Politiek gekonkel in de polder
Moe en murw van literaire hoogstandjes en metaforisch geneuzel kan opeens het verlangen naar een lekker ouderwets verhaal toeslaan. Een verhaal dat niet te veel van je vraagt, dat gewoon chronologisch verloopt, waarin geen rare fratsen worden uitgehaald met vertelstandpunten of andere technieken die het hoge intellectuele niveau van de auteur moeten bewijzen. Soms wil je gewoon een boek dat doet wat het moet doen: een verhaal vertellen. De nieuwste roman van Gijs IJlander (1947), Geen zee maar water, is zo’n boek.
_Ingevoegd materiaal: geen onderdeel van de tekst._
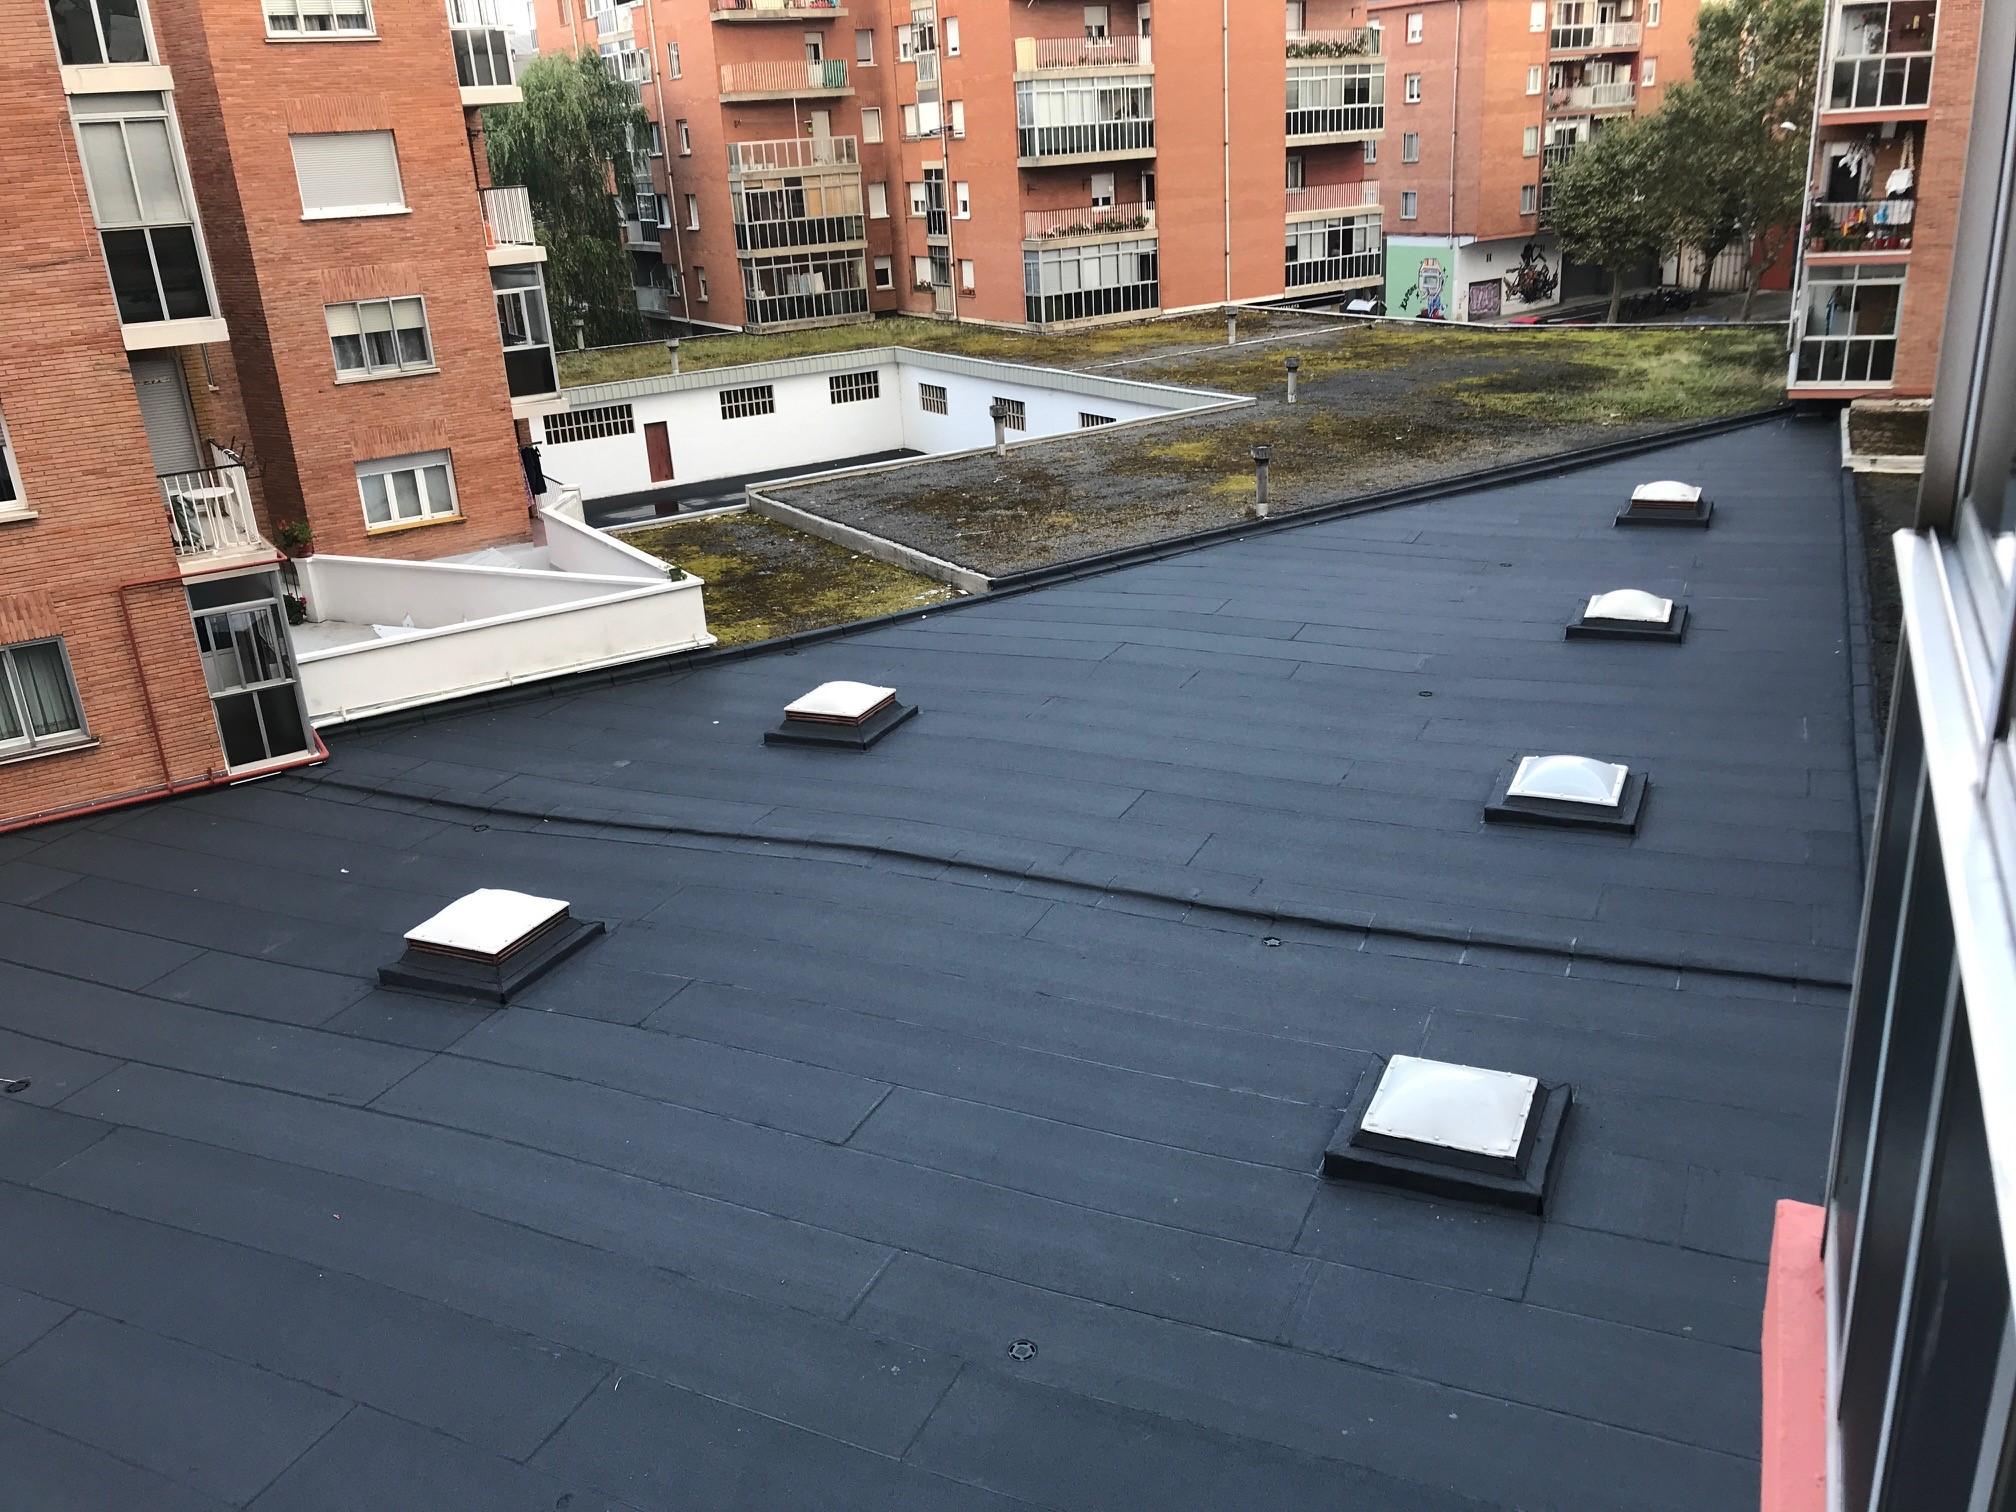 impermeabilizaciones y telas asfalticas en Vitoria

Vernieuwend is het boek dan ook allerminst. De taal die IJlander gebruikt is alledaags, ongekunsteld en weinig verrassend. IJlander doet niet aan mooischrijverij, maar misschien hoeft dat ook niet in een roman als deze; het gaat immers om het verhaal. En dat verhaal, opgebouwd rond twee hoofdpersonen, is ontzettend spannend.
Verfbommetjes
De twee personages, die elk een deel van het verhaal voor hun rekening nemen, staan lijnrecht tegenover elkaar. Hun werelden verschillen als dag en nacht en uiteindelijk botsen deze werelden dan ook keihard. Aan de ene kant staat de dertigjarige staatssecretaris van Verkeer en Waterstaat Annet de Goede, die met haar plannen om een onrendabel deel van de polder terug te geven aan de zee, de toorn van actiegroep Bloedend Hart op zich laadt. In haar leven draait alles om politiek gewin. Tegenover haar staat de simpele rattenvanger Bennie, die door de plannen zijn beroep niet meer zal kunnen uitoefenen, en de plek waar hij zijn hele leven heeft gewoond zal moeten verlaten. Via Ted, een kennis, raakt hij tegen wil en dank bij Bloedend Hart betrokken.
De bedreigingen van de actiegroep beginnen redelijk onschuldig met verfbommetjes en dreigtelefoontjes, maar als Annet de Goede van geen wijken weet, neemt de actiegroep steeds hardere maatregelen. Het zelfverzekerde en harde masker dat ze zo zorgvuldig heeft opgebouwd, brokkelt steeds verder af, zeker als ook haar familie betrokken raakt. Ze wordt steeds verder in het nauw gedreven en lijkt alleen nog maar toe te kunnen geven aan de eisen van de actievoerders.
Rita Verdonk
Actuele thema’s heeft IJlander in dit boek allesbehalve geschuwd. De inspiratie voor het personage Annet de Goede lijkt hij te hebben gevonden in Rita Verdonk. Ook lijkt de Deltapartij waarvan Annet lijsttrekker is, verdacht veel op Verdonks beweging Trots op Nederland. De Deltapartij is net als TON een nieuw soort politieke beweging, die de burger voorop stelt en niet bang is voor harde woorden. IJlander is genadeloos in zijn beschrijving van het politieke gekonkel en de grote invloed van spindoctors, voor wie alles draait om pr en imago.
Een ander hedendaags thema dat uitvoerig aan bod komt, is de milieuproblematiek: de opwarming van de aarde en de stijgende zeespiegel die in Nederland voor grote problemen zouden kunnen zorgen. De actuele thema’s van Geen zee maar water geven een interessante kijk op onze samenleving, maar de vraag rijst wel of deze problematiek lezers over twintig of vijftig jaar nog steeds boeit.
Innerlijke strijd
Gelukkig heeft de roman naast de actuele vraagstukken ook nog iets te bieden op een ander, dieper niveau. De bedreigingen stellen Annet de Goede voor de vraag of ze kiest voor haar politieke overtuigingen of voor haar familie. De innerlijke strijd die ze daardoor ervaart, laat haar ook anders kijken naar het politieke, oppervlakkige wereldje waarin ze zich bevindt. Deze strijd beschrijft IJlander helder en invoelend.
Ook de belevingswereld van Bennie is met verve neergezet; de treurigheid druipt ervan af, waardoor je wel medelijden met hem moet hebben. De vraag wie nu de dader is en wie het slachtoffer, is opeens niet meer zo zwart-wit. Mede door deze diepere laag is IJlander erin geslaagd om een boek af te leveren dat met kop en schouders boven het niveau van een gewone thriller uitsteekt.